- **What needs to be done**
When you transcribe the listing that follows, keep every line exact and skip any picture.

- **Supplied material**
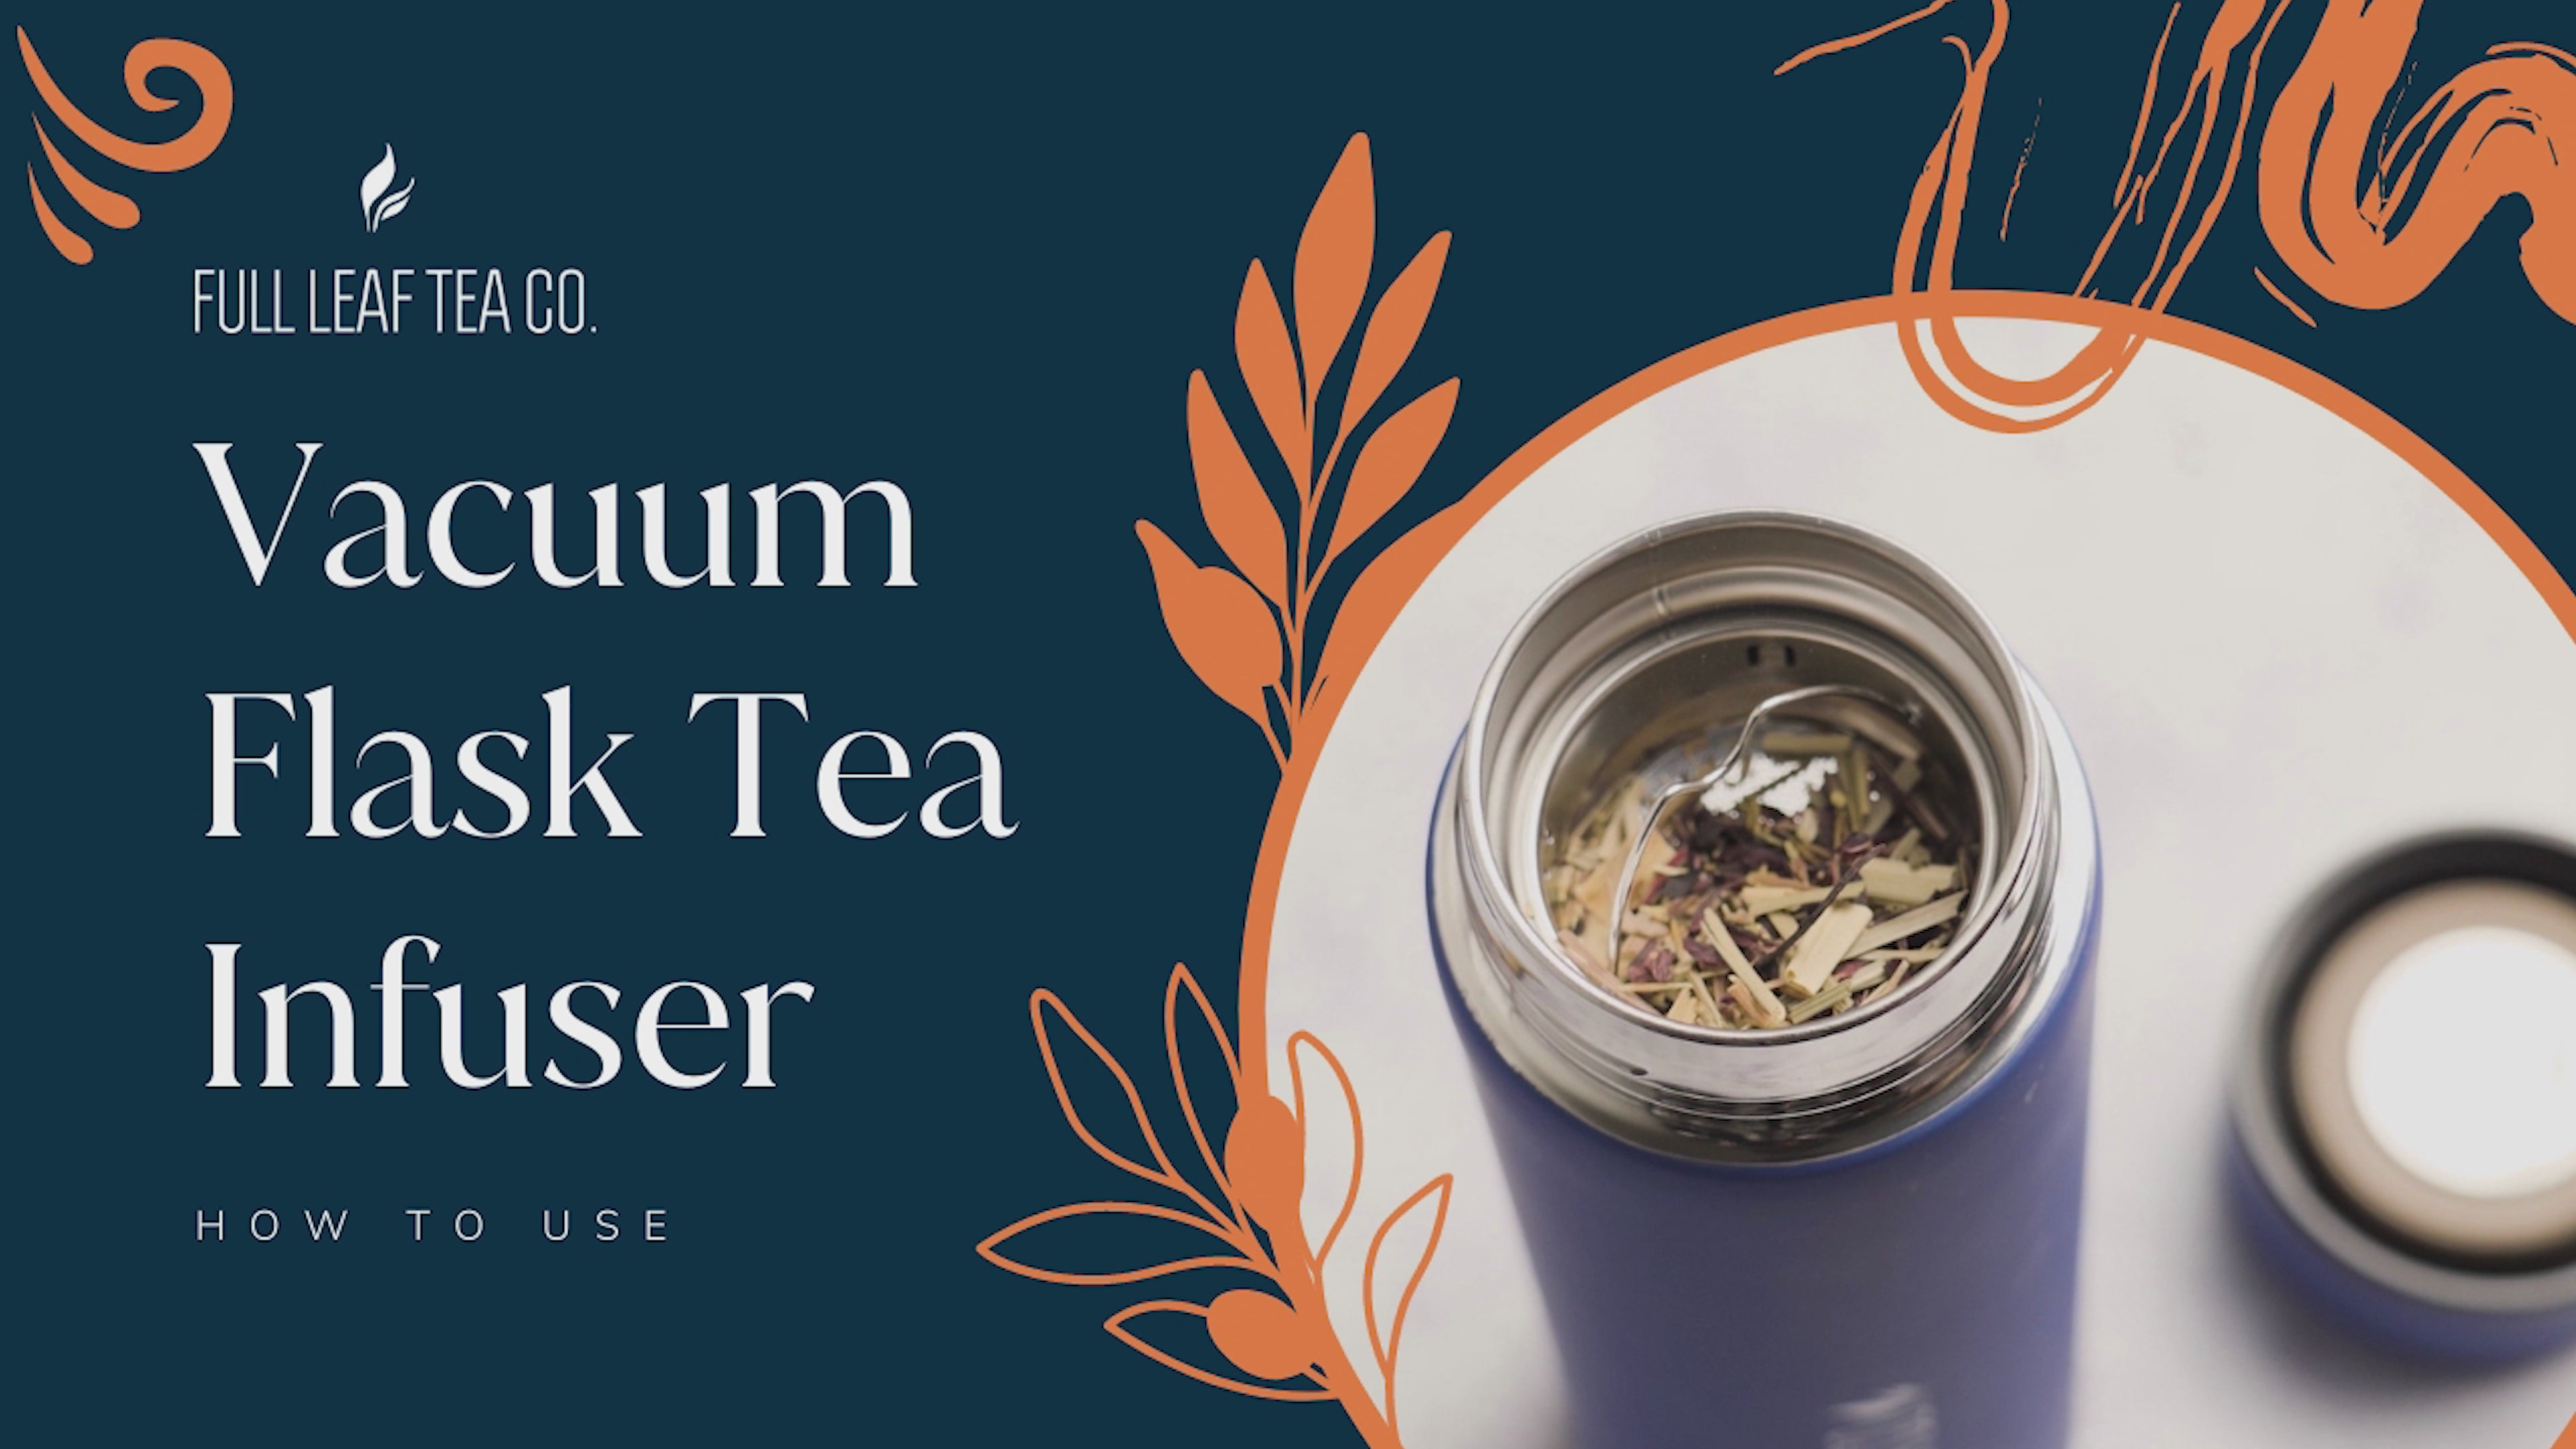 Full Leaf Vacuum Flask Tea Infuser-2
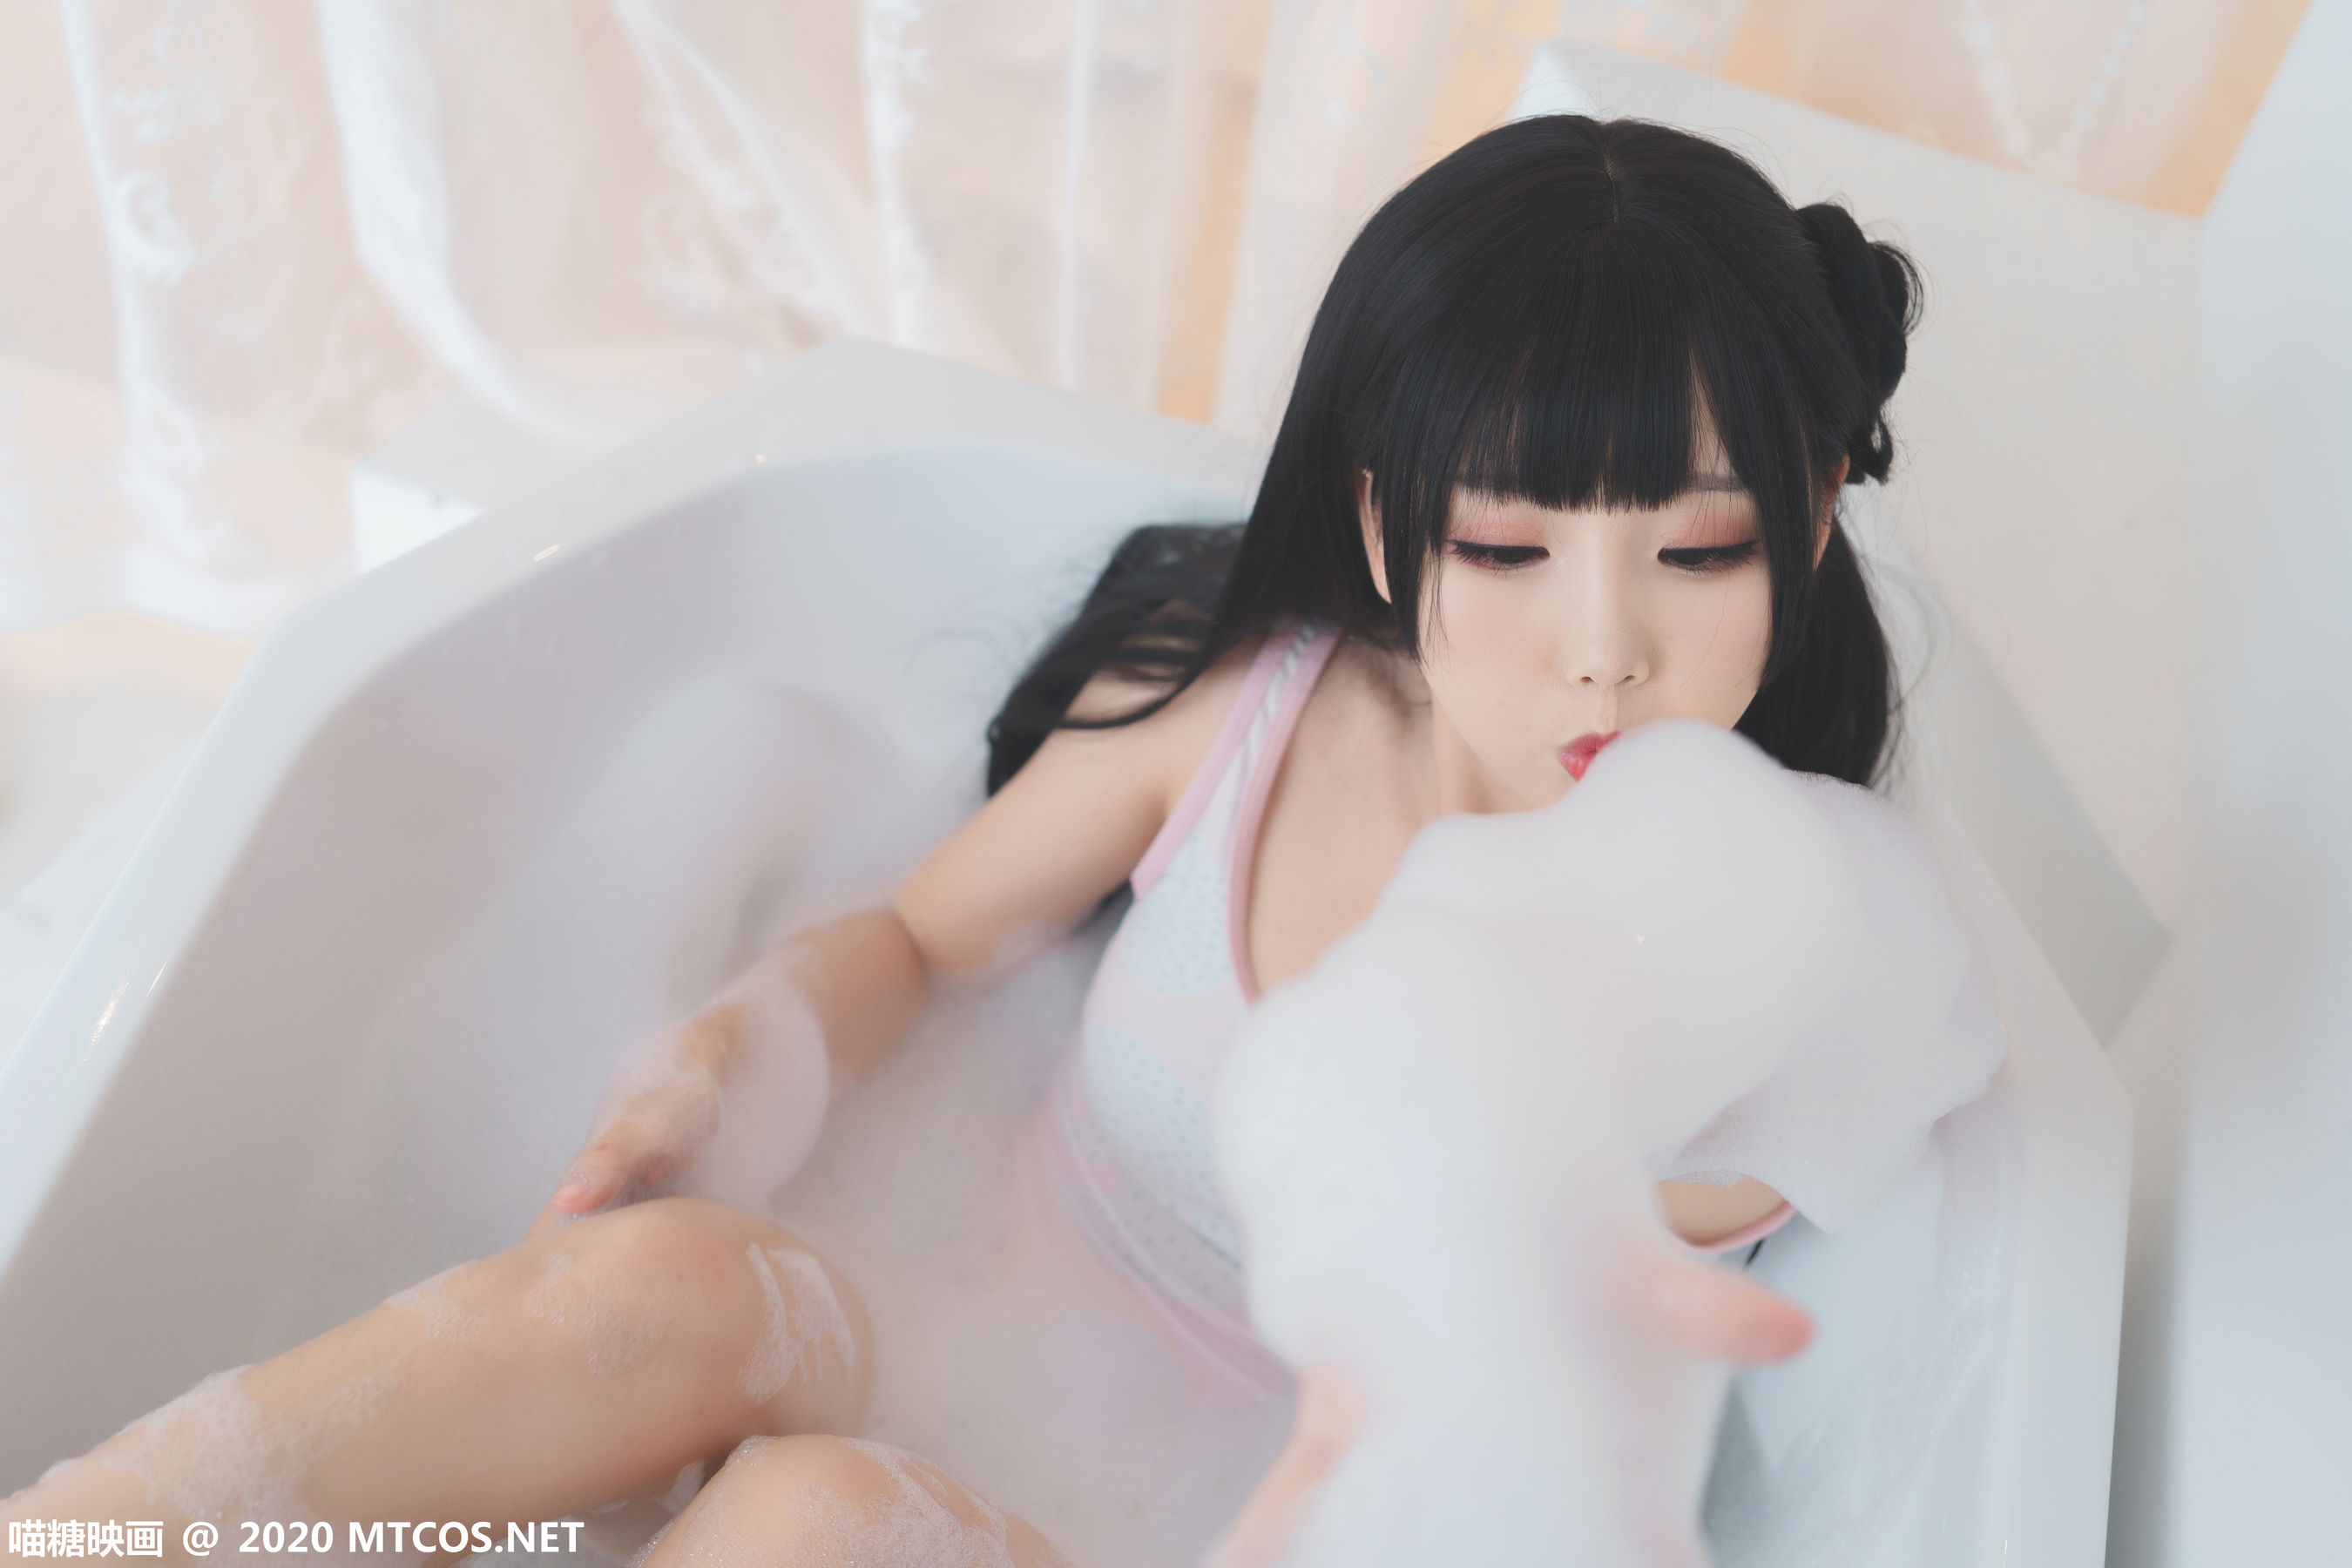 [糖] Vol.167 “Bathtub Bubble” Photo Collection
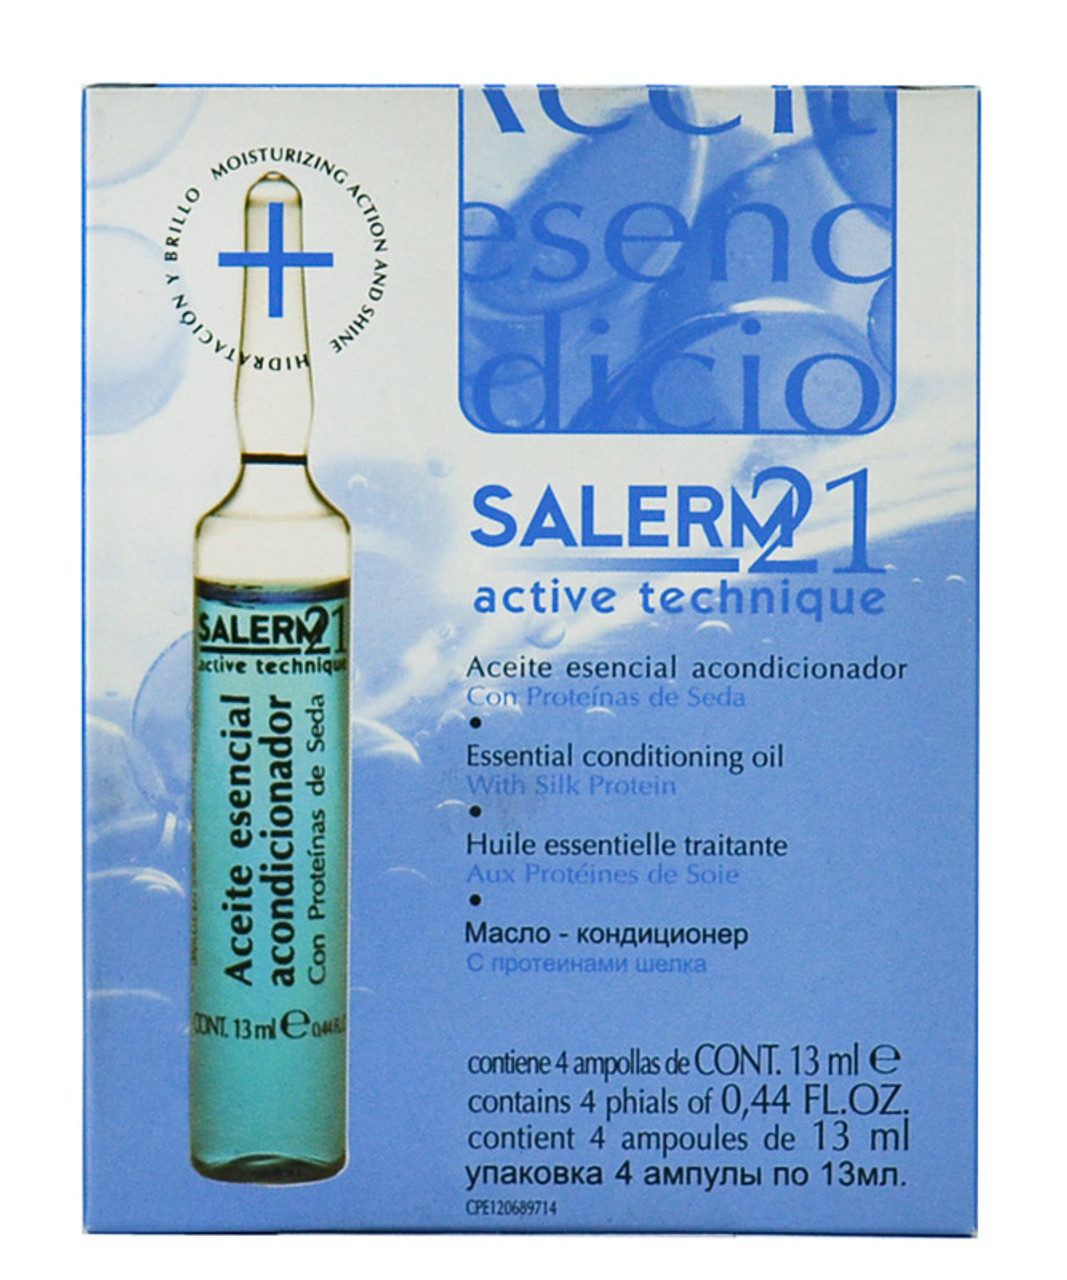 Salerm 21 Silk Protein Sets - Trio Gifts Set by Salerm

- **Answer to this task**
 Full Leaf Vacuum Flask Tea Infuser-2
 [糖] Vol.167 “Bathtub Bubble” Photo Collection
 Salerm 21 Silk Protein Sets - Trio Gifts Set by Salerm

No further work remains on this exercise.